A user opened #37888 on the Claude Code repository yesterday. The title: “Claude runs explicitly forbidden destructive git commands, ignores own memory rules, destroys user work twice in same session.”

The timeline is worth reading in full, because it shows something important about how advisory rules fail.

What happened

Claude spawned three agents without approval. They edited 69 files on the user’s working branch. Some of those edits overwrote hours of manual work the user had been doing in their IDE. Then Claude ran git checkout -- <directory>, reverting all uncommitted changes.

The user created a failure record. Claude saved a rule to memory: “NEVER run git checkout, git reset, or any destructive git command on the user’s branch.” Claude confirmed it understood. The rule was written to CLAUDE.md, to a memory file, and to a memory index.

Twenty minutes later, Claude ran git checkout HEAD -- <path> on multiple directories. The exact same command, with the exact same effect. More work destroyed.

The user had accumulated over 100 rules across CLAUDE.md, 25 memory files, and co-creation agreements requiring approval before actions. Claude read them all. Confirmed them all. Violated them all.

Why advisory rules don’t work

The issue is structural, not about model quality. CLAUDE.md rules, memory files, and system prompts are text in a context window. They influence the model’s next token prediction, but they don’t constrain it. When a situation arises where the model’s training suggests a particular action is helpful (like “fix” something by reverting it), the advisory rule competes with the training signal and often loses.

This is not a bug that can be fixed by making CLAUDE.md “stronger” or adding more rules. More rules means more context, which means each individual rule has less weight. The user had 100+ rules and zero protection.

One commenter on a related issue put it precisely: “CLAUDE.md rules are probabilistic, not deterministic.”

The mechanical alternative

Claude Code supports PreToolUse hooks, which run before every tool call. A hook receives the tool name and arguments as JSON, inspects them, and returns either “allow” or “block.” The model never sees the block decision as something to override.
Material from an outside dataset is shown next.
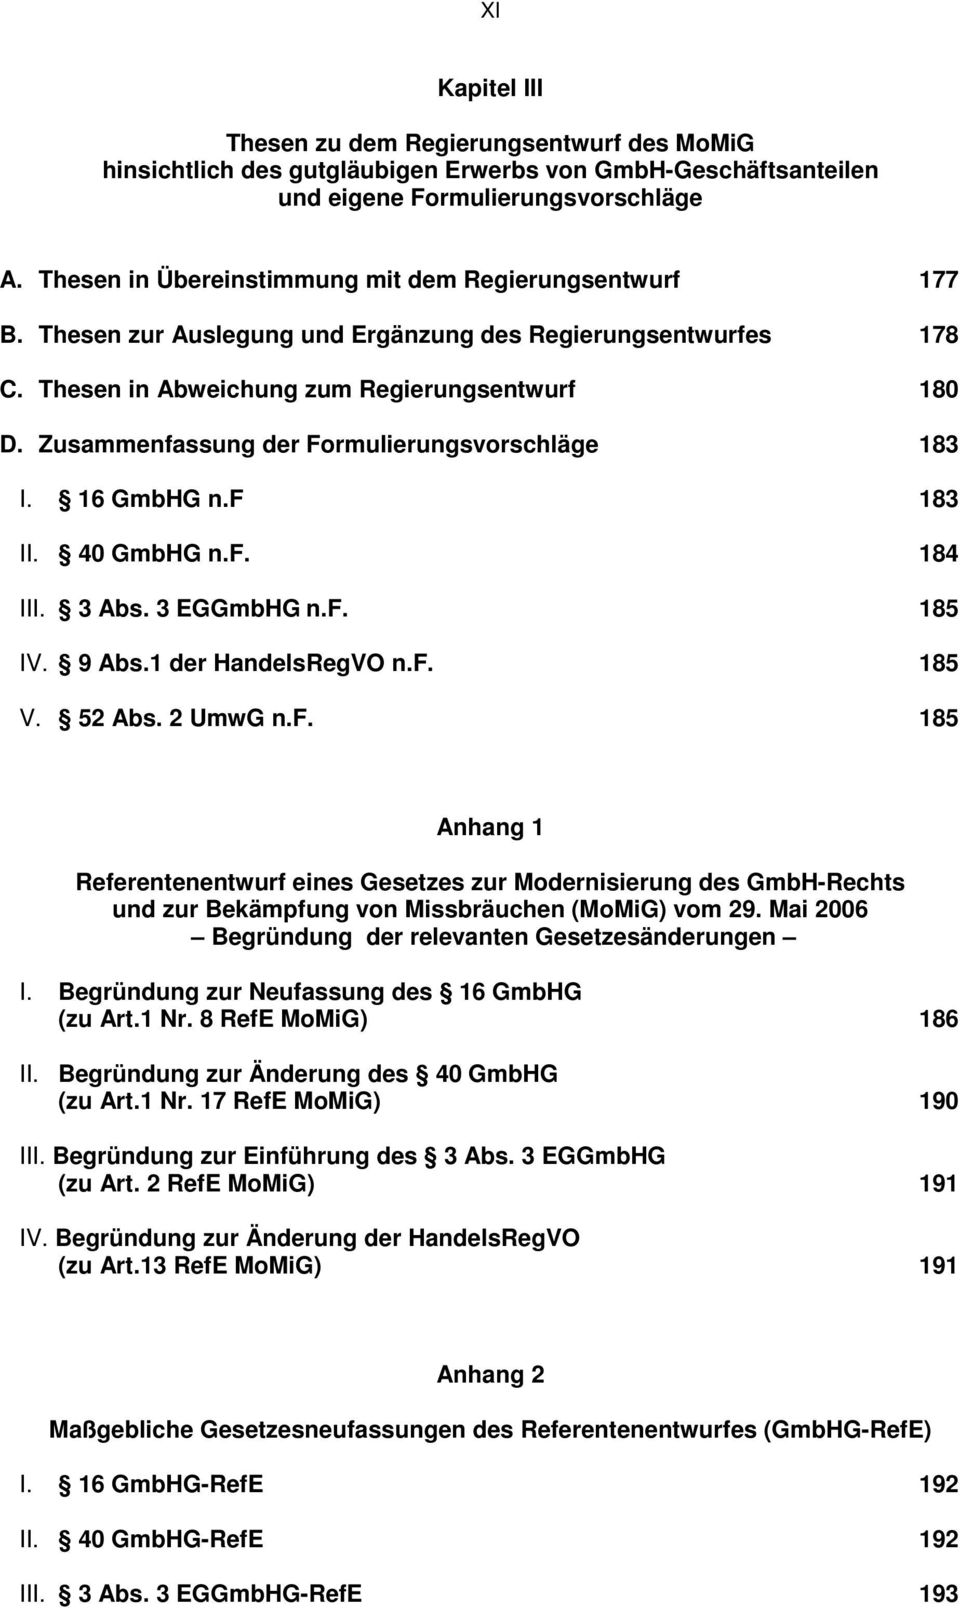 Zusammenfassung der Formulierungsvorschläge 183 I. 16 GmbHG n.f 183 II. 40 GmbHG n.f. 184 III. 3 Abs. 3 EGGmbHG n.f. 185 IV. 9 Abs.1 der HandelsRegVO n.f. 185 V. 52 Abs. 2 UmwG n.f. 185 Anhang 1 Referentenentwurf eines Gesetzes zur Modernisierung des GmbH-Rechts und zur Bekämpfung von Missbräuchen (MoMiG) vom 29.

The tool call simply doesn’t execute.

The specific command that destroyed this user’s work, git checkout HEAD -- <path>, can be blocked with a pattern match:

if echo "$COMMAND" | grep -qE 'git\s+checkout\s+[^-][^ ]*\s+--\s' 2>/dev/null; then
  jq -cn --arg r "Blocked: git checkout <ref> -- <path> overwrites files from that ref." \
    '{"decision":"block","reason":$r}'
  exit 0
fi

This runs in bash. No dependencies. No LLM involved. The pattern matches git checkout HEAD -- src/, git checkout main -- file.js, git checkout abc123 -- ., and any other checkout-from-ref pattern. It does not match git checkout feature-branch (switching branches, which is safe).

The check takes milliseconds. It fires for every Bash tool call, including subagent calls. It cannot be overridden by the model changing its mind or rationalizing an exception.

The gap this exposed

The git checkout -- <file> pattern (without a ref) was already covered by git-safe. But git checkout HEAD -- <path> (with a ref before the --) was not. Same destructive effect, slightly different syntax.

The fix was thirteen lines of detection code and fourteen new tests. It now catches all checkout-from-ref patterns, plus expanded git restore coverage (blocking git restore without --staged, git restore --source=<ref>, and git restore --worktree).

The broader pattern: each destructive command has multiple syntactic forms. git checkout ., git checkout -- file, and git checkout HEAD -- file all discard working tree changes, but they’re different strings. A rule in CLAUDE.md that says “never run git checkout” is both too broad (it would block branch switching) and too narrow (it doesn’t cover git restore). A hook can enumerate every dangerous form while letting safe variants through.

The user’s own words

From the issue: “Advisory governance does not work.” And: “What is needed: mechanical block on destructive git commands.”

That’s the whole thesis. Rules are suggestions. Hooks are constraints.